Psychiatric Technicians
Psychiatric technicians care for people living with mental illness, developmental disabilities, or severe behavior problems. They spend much of the day watching for changes, helping with personal care, and calming crises, so the work mixes hands-on caregiving with constant safety awareness. The tradeoff is clear: the job is rewarding and practical, but the pay is modest and the emotional and physical demands can be high.
What This Role Looks Like in Practice
Psychiatric Technicians sits in the Healthcare category. In practical terms, this role combines day-to-day execution, cross-team coordination, and consistent decision-making under real business constraints.
U.S. employment is currently about ~136K workers, with a median annual pay of $42,590 and roughly 15.9K openings each year. Based on BLS projections, total employment is expected to grow from 144.5 K in 2024 to 173.3K in 2034.

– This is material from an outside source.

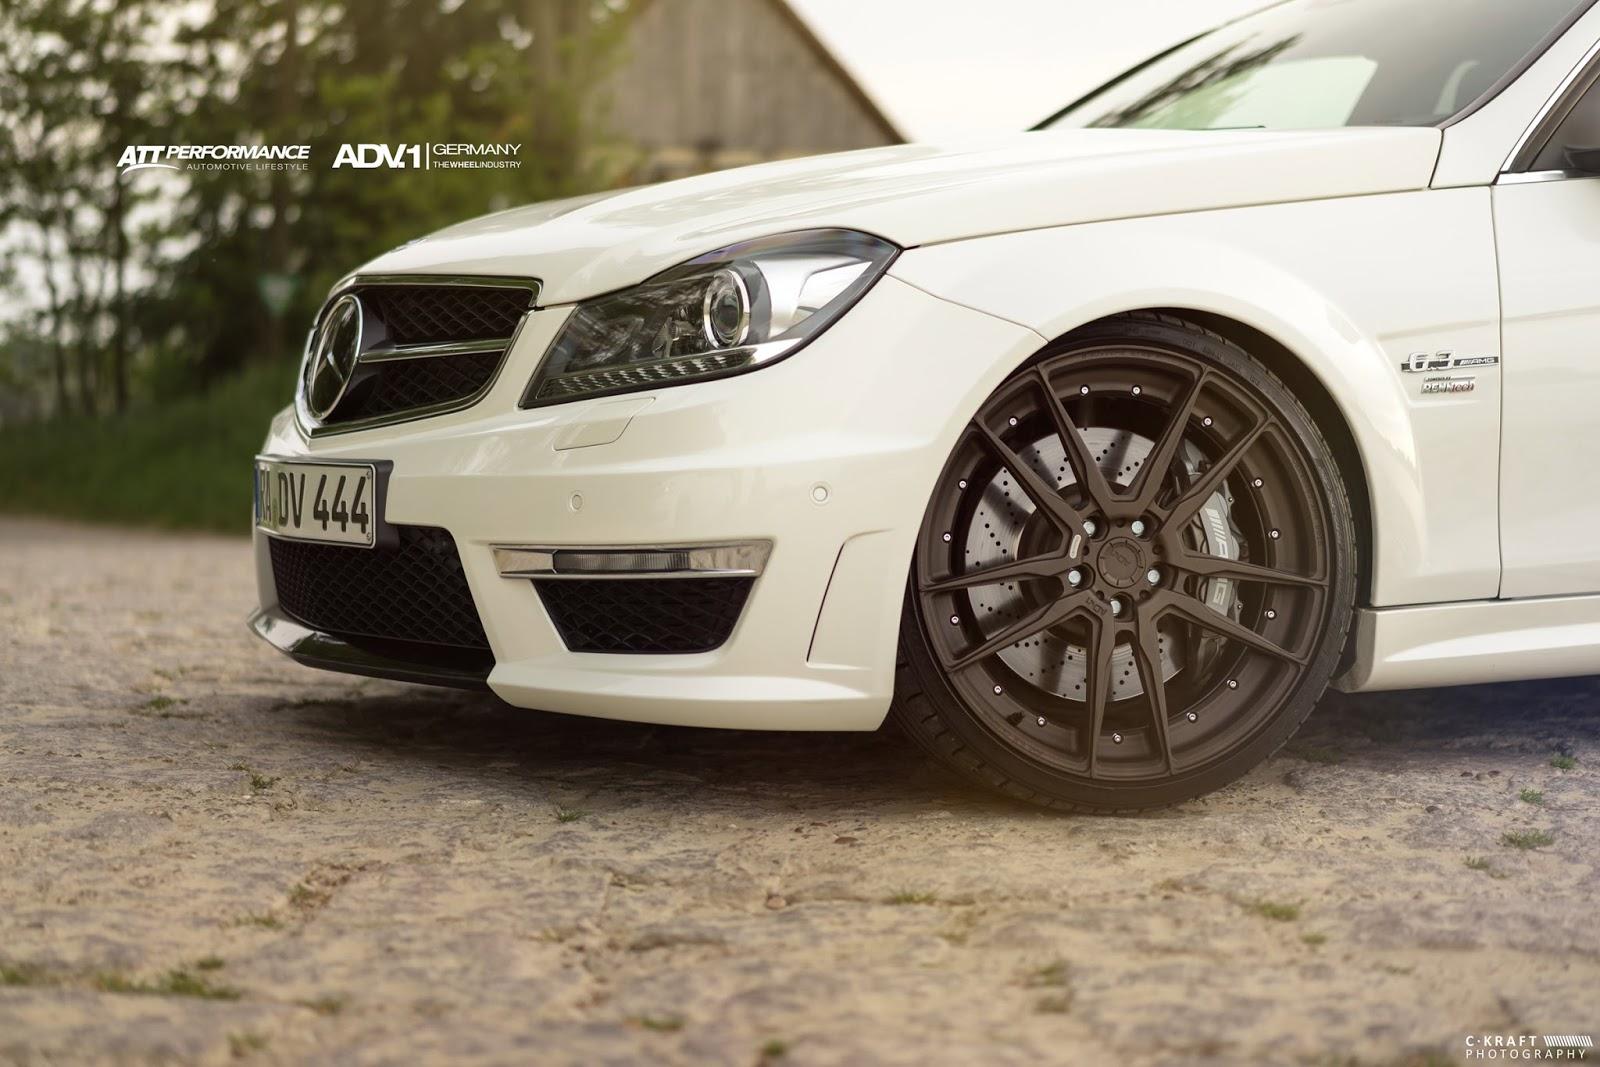 Amg G Wagon >> Mercedes-Benz S204 C63 AMG on ADV5.2 MV2 Wheels   BENZTUNING

Most hiring paths start with Postsecondary nondegree award, and employers typically expect less than 5 years of related experience. Many careers in this track begin around Mental Health Aide and can progress toward Behavioral Health Supervisor. High-value skills usually include Patient Observation, Safety Checks & Crisis De-escalation, Active Listening in Behavioral Health Settings, and Monitoring Vital Signs & Physical Symptoms, paired with soft skills such as Social Perceptiveness, Active Listening, and Monitoring.
Core Responsibilities
- Help patients with bathing, dressing, and keeping their rooms or living areas clean.
- Check on patients throughout the day and notice changes in mood, behavior, or physical health.
- Write down what you observe and pass important information to nurses or other medical staff.
- Talk with patients, calm them when they are upset, and help them stay engaged with staff and treatment.
Keep exploring: more Healthcare careers or browse all job titles.
A Day in the Life
Industries That Hire
Pros and Cons
Career Progression
Education Paths
Key Skills
Job Outlook and Trends
Employment is projected to rise from 144.5K to 173.3 K over the next decade, representing 20% growth. Around 15.9 K openings per year include both newly created roles and replacement hiring from turnover.
Remote availability is currently Rare. Demand remains strongest where employers need practical domain knowledge plus modern workflow and data skills.